Moving to it's current location

While most of the theaters in Salem became part of the Regal Theaters chain, Miles looked into expanding Salem Cinema, but couldn’t find the right space.

Developer David Glennie of Telos Development approached her at the end of a screening and asked if she had considered expansion.

On April 17, 2009, Salem Cinema opened at its current location at 1127 Broadway Street with three screens that can hold 141, 64 and 40 people.

“Well, let me tell you, it was not popular with my patrons,” Miles said.

She decorated the space with accents like carpet that was reminiscent of the old Salem Cinema space and decorative pieces that were part of the long-closed Capitol Theater.

“And it did not take people long to fall in love with the place,” Miles said.

Surviving COVID-19-related downturn

Over the years, Salem Cinema carved out a niche among movie goers. From events like movie festivals and appearances by movie stars, the theater built a reputation as the place to watch a movie, and get popcorn with real butter on it.

But then the COVID-19 pandemic hit in 2020. Salem Cinema was closed for about a year. Ever since it reopened for good in 2021, Miles said, business hasn’t been what it once was.

Some of Miles' former regular customers still don’t feel comfortable returning to the theater. Others got used to screening movies at home.

There are screenings where one person pays to see a movie.

Salem Cinema has survived the COVID-19 pandemic, but business is still down as a result of it.
Salem Cinema has survived the COVID-19 pandemic, but business is still down as a result of it.

“The last statistics I saw is that most of us are operating at about 50% of where we were pre-COVID,” Miles said. “On an exceptionally good week, maybe 55%. On most weeks probably less than 50%.”

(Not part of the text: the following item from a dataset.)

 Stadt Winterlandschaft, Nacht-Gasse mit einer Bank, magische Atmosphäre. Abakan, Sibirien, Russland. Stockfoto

Cineworld, which owns Regal Cinemas and its three Salem megaplexes Regal Cinnebarre Movieland, Regal Santiam and Regal Willamette Town Center, has been in Chapter 11 bankruptcy since September 2022. And Independently-owned Northern Lights Theatre Pub transitioned to first-run movies from second runs in September.

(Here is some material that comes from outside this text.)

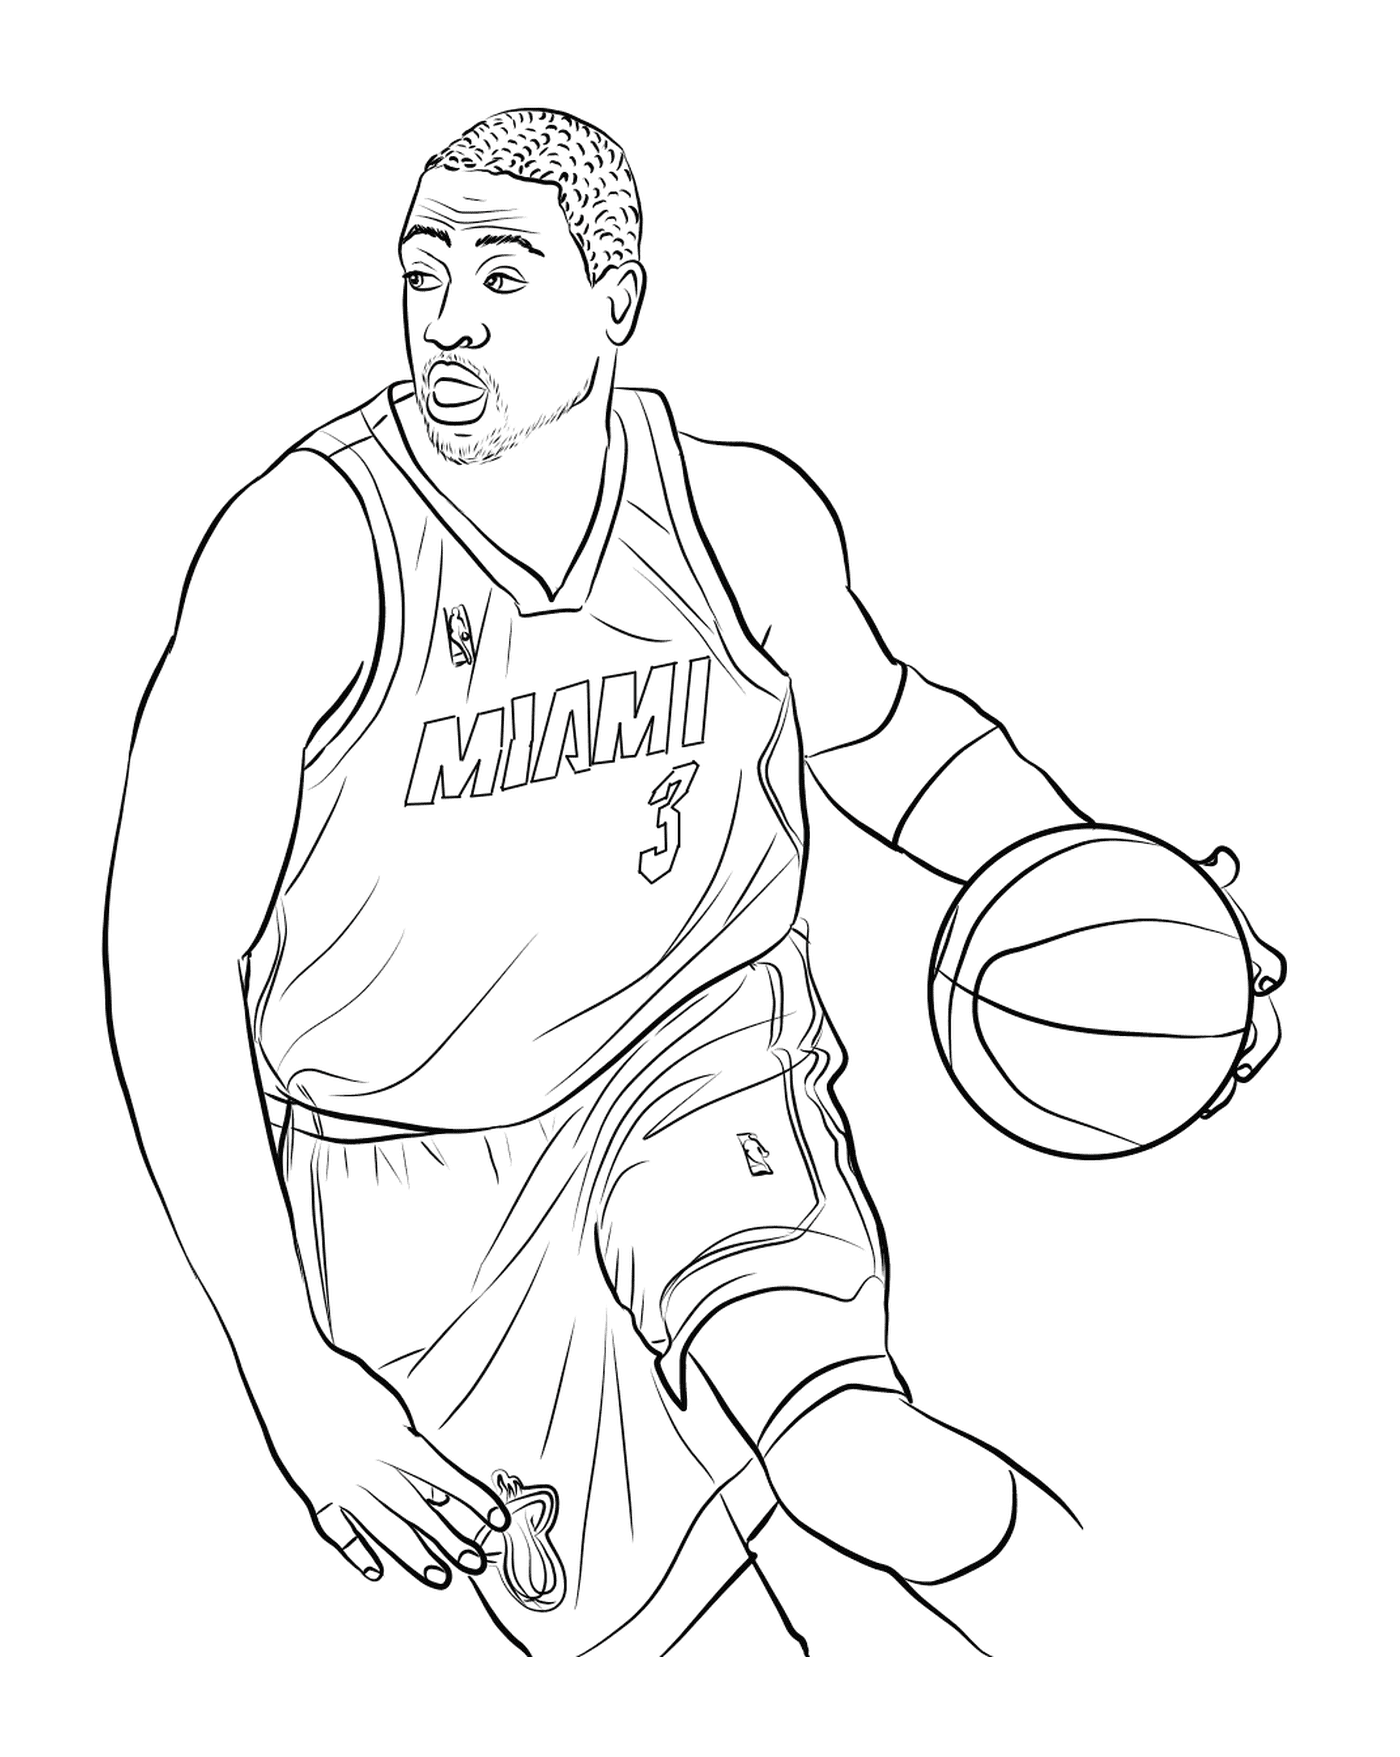  Дуэйн Уэйд держит баскетбольный мяч

The COVID-relief funds from the federal and state governments for movie theaters are gone.

During the pandemic, some patrons started giving money to Salem Cinema on a monthly basis to help the business survive. Some still do.

“It’s nothing like we used to get, but you have no idea how much I appreciate them,” Miles said. “I know that one couple that sends monthly money, they have returned to the theater only for a couple movies. They still don’t feel comfortable. They want to make sure that theater is there when they’re ready.”

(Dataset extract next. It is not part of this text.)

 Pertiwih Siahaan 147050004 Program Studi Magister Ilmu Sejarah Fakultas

These days, Miles has other people running most of the day-to-day operations at Salem Cinema.

She says she can't stand and work at the concessions stand. She sits in a director's chair for question and answer sessions before movies.

Miles still loves the theater and movies, but she doesn't know how much longer she'll continue to own it.

"At 72, I think I’m probably heading in that direction," she said.